Stored data:
+---+
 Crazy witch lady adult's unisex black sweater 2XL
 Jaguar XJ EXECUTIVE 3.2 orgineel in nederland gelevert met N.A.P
+---+
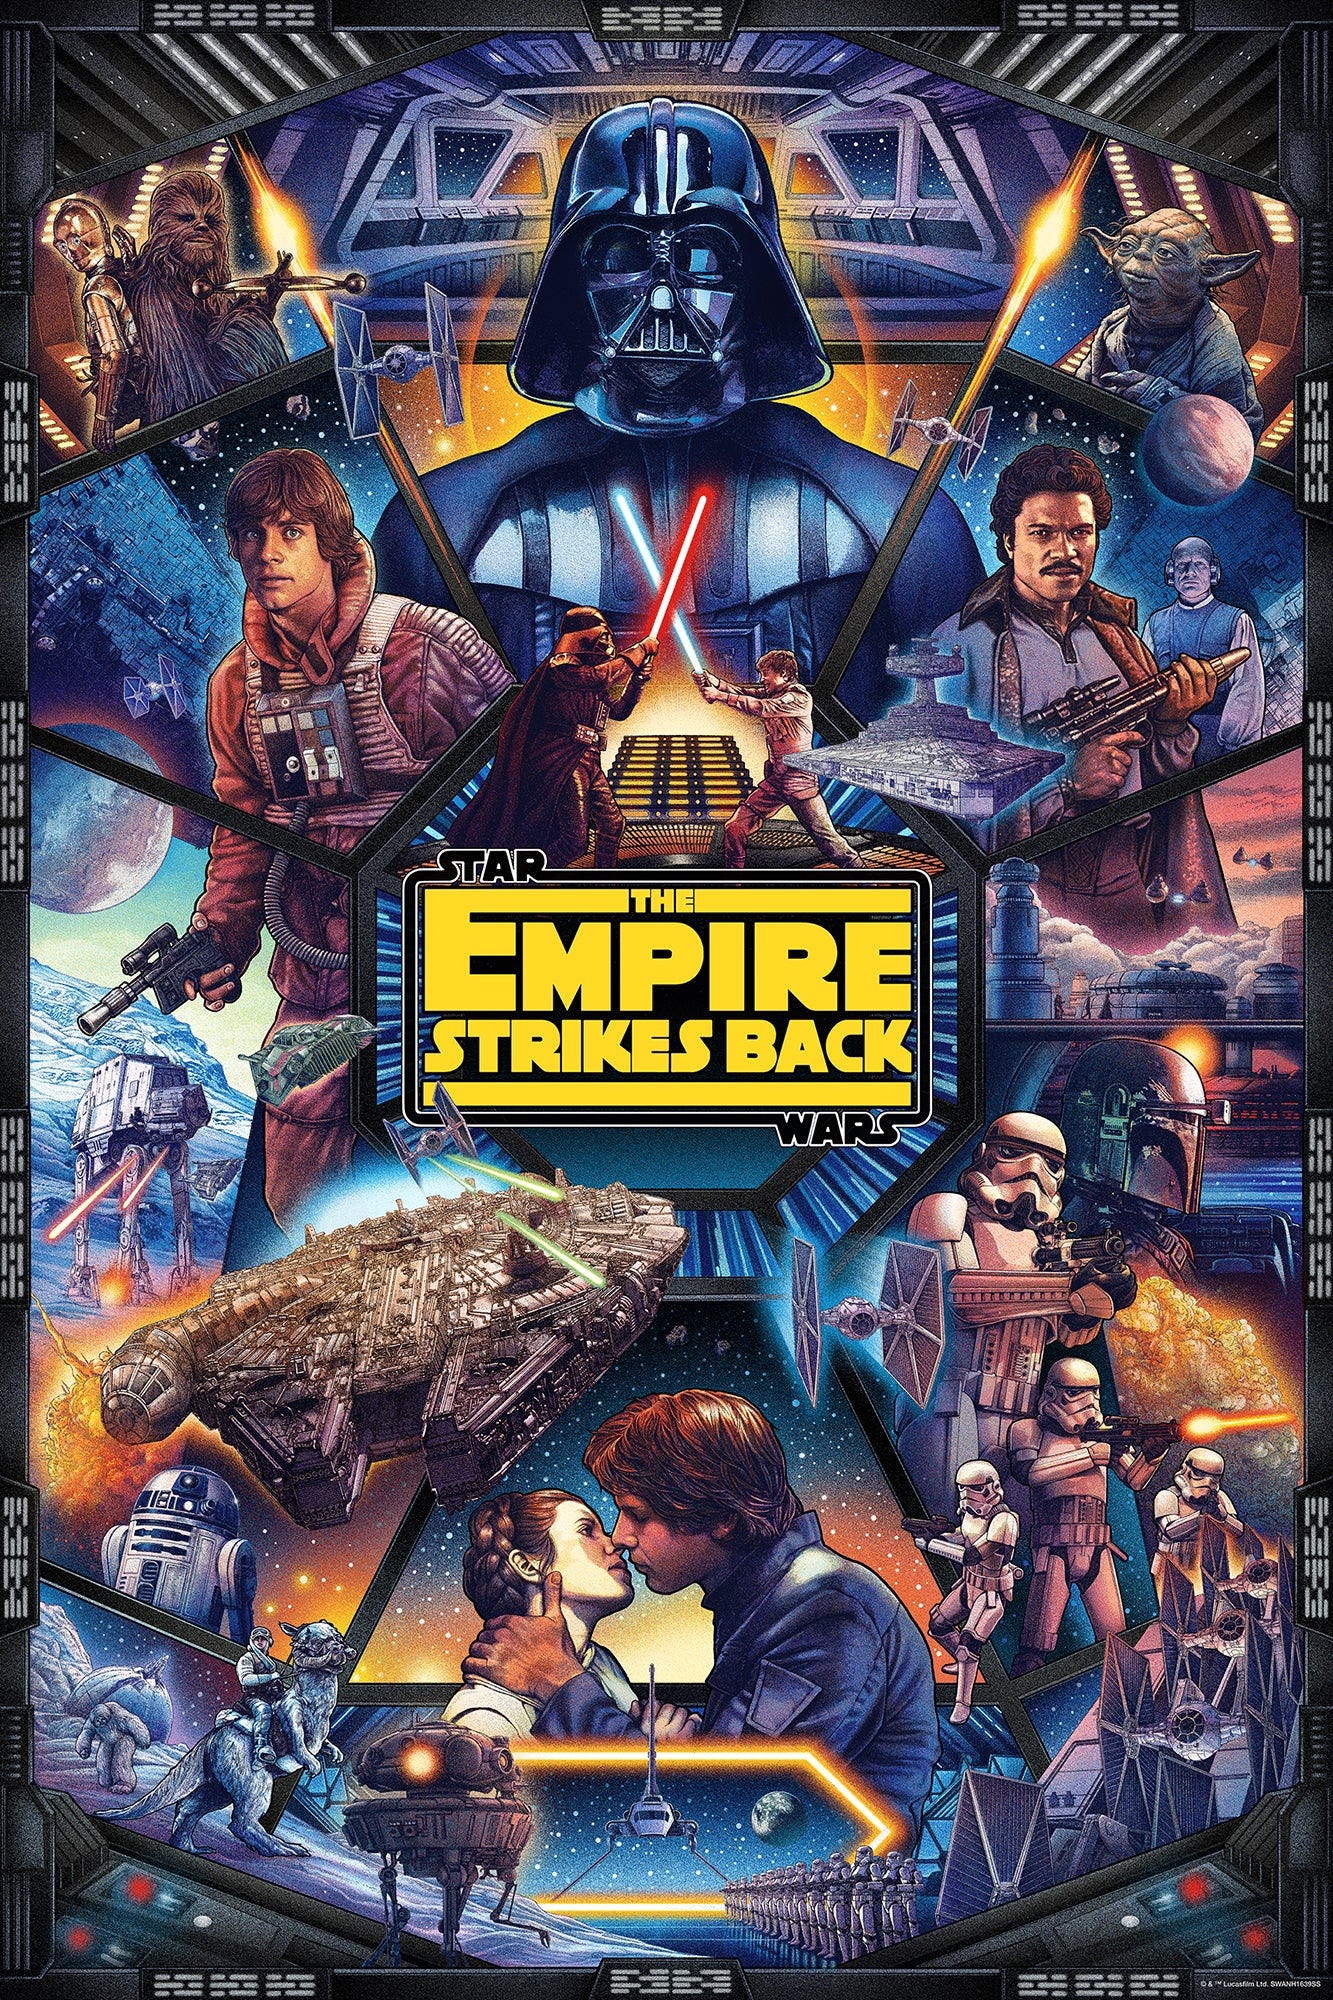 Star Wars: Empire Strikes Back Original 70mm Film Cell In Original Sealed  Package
+---+
What this task involves:
Given the records above, restate word for word only the lines starting at the one with "Crazy witch lady" and ending at the one with "Jaguar XJ EXECUTIVE".

Response area:
 Crazy witch lady adult's unisex black sweater 2XL
 Jaguar XJ EXECUTIVE 3.2 orgineel in nederland gelevert met N.A.P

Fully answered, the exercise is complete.